Kejadian besar menimpa suaminya yang tiba-tiba dipecat dari tempatnya bekerja, karena sering ribut dengan melakukan demo.  Untungnya masih diberikan uang pesangon, tapi uang kesehatan dan pension diambil semua sekaligus. Terus…tau apa yang dilakukannya?....dia hidup laksana bergelimangan harta, setelah uang habis dia berusaha mencari pekerjaan kembali. Namun sayangnya, kalau bukan sebagai manager, semua ditolaknya. Setelah  tiga tahun menganggur, temanku mulai mencarikan pekerjaan untuk suaminya ke teman-temannya. Sayangnya, berita tentang kelakuan suaminya sudah banyak diketahui orang dunia penerbangan.  Tidak satupun  perusahaan   yang  bersedia  menerimanya. Sementara yang menopang kebutuhan hidup sehari-hari, anaknya yang telah bekerja di kapal pesiar dan bantuan orangtuanya.

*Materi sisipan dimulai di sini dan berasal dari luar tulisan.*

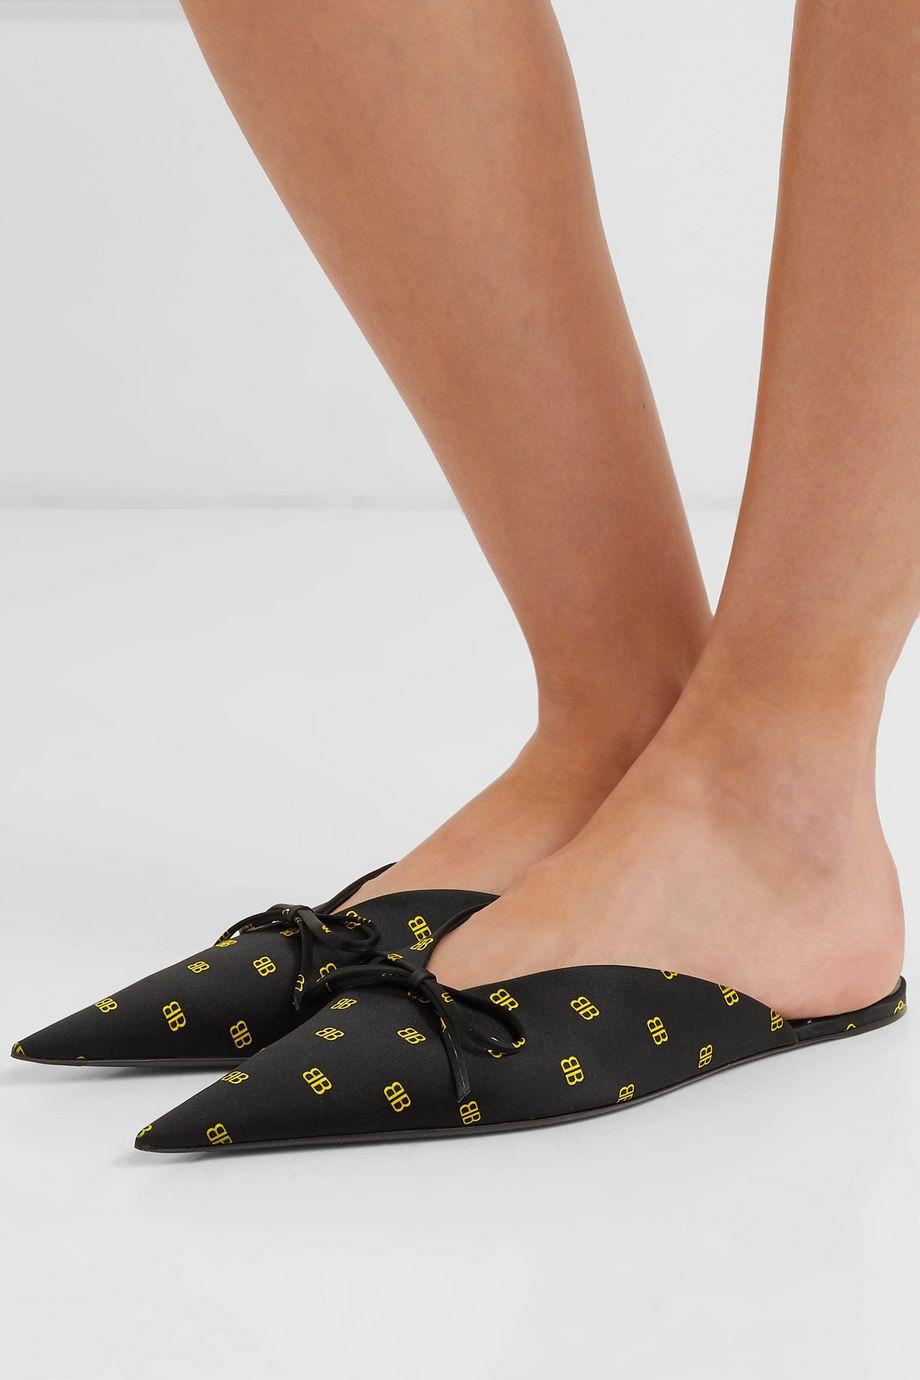 Balenciaga Knife logo-print satin slippers
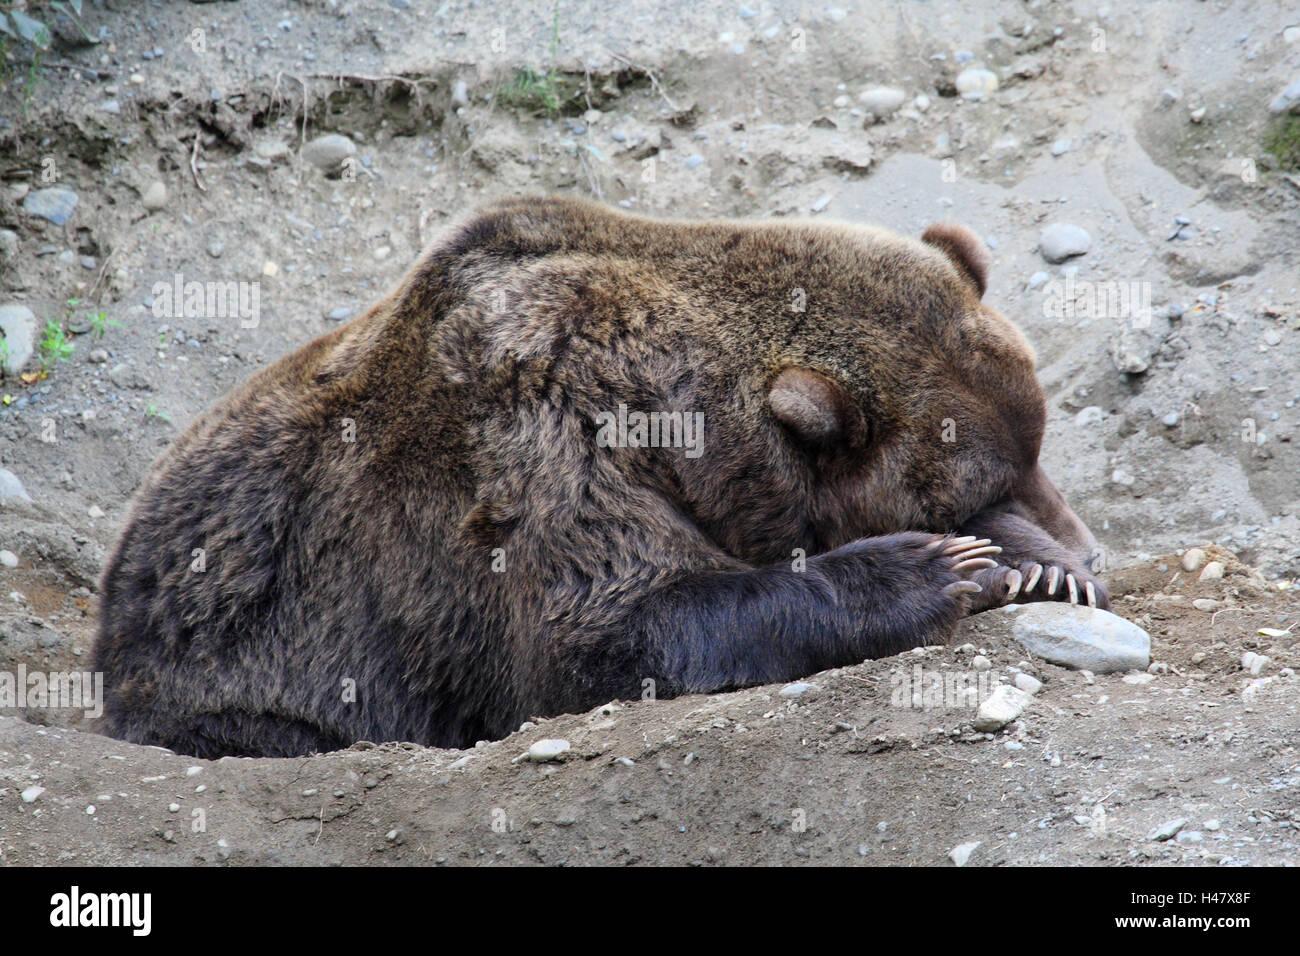 Grizzly bear, asleep, - Stock Image

Terus saja seperti itu, sementara teman-teman kantor seangkatannya telah hidup lebih mapan, bahkan melebihi dirinya.  Dia tetap hidup bergaya borju yang mengandalkan orangtua, anak-anaknya kuliahpun ditanggung orangtuanya. Namun tidak ada perubahan sikap yang terlihat, sementara hutang di mana-mana termasuk kepada ku. Setelah ibu mertuanya meninggal, dia mendapatkan warisan uang tunai sebesar 1M (menurut cerita maminya, saat aku jenguk di rumah sakit). Berapa besarpun uang yang diberikan, pasti akan habis dan itu pun demikian. Dua tahun uang ludes, akhirnya tanpa malu pinjam uang kesana-kemari. Bahkan kepada orang-orang yang dulu dia hina, dan rela menipu tetangga dengan banyak dalih.  Kemarin istri teman kantor suaminya, cerita padaku. “Dulu aku dihina karena dari kampung dan sering suamiku dibodoh-bodohi. Sekarang dia nggak malu minta uang sama suamiku. Ternyata Allah membalikkan keadaanya, sekarang dia berada dibawah dan mungkin inilah buah dari kesombongannya”.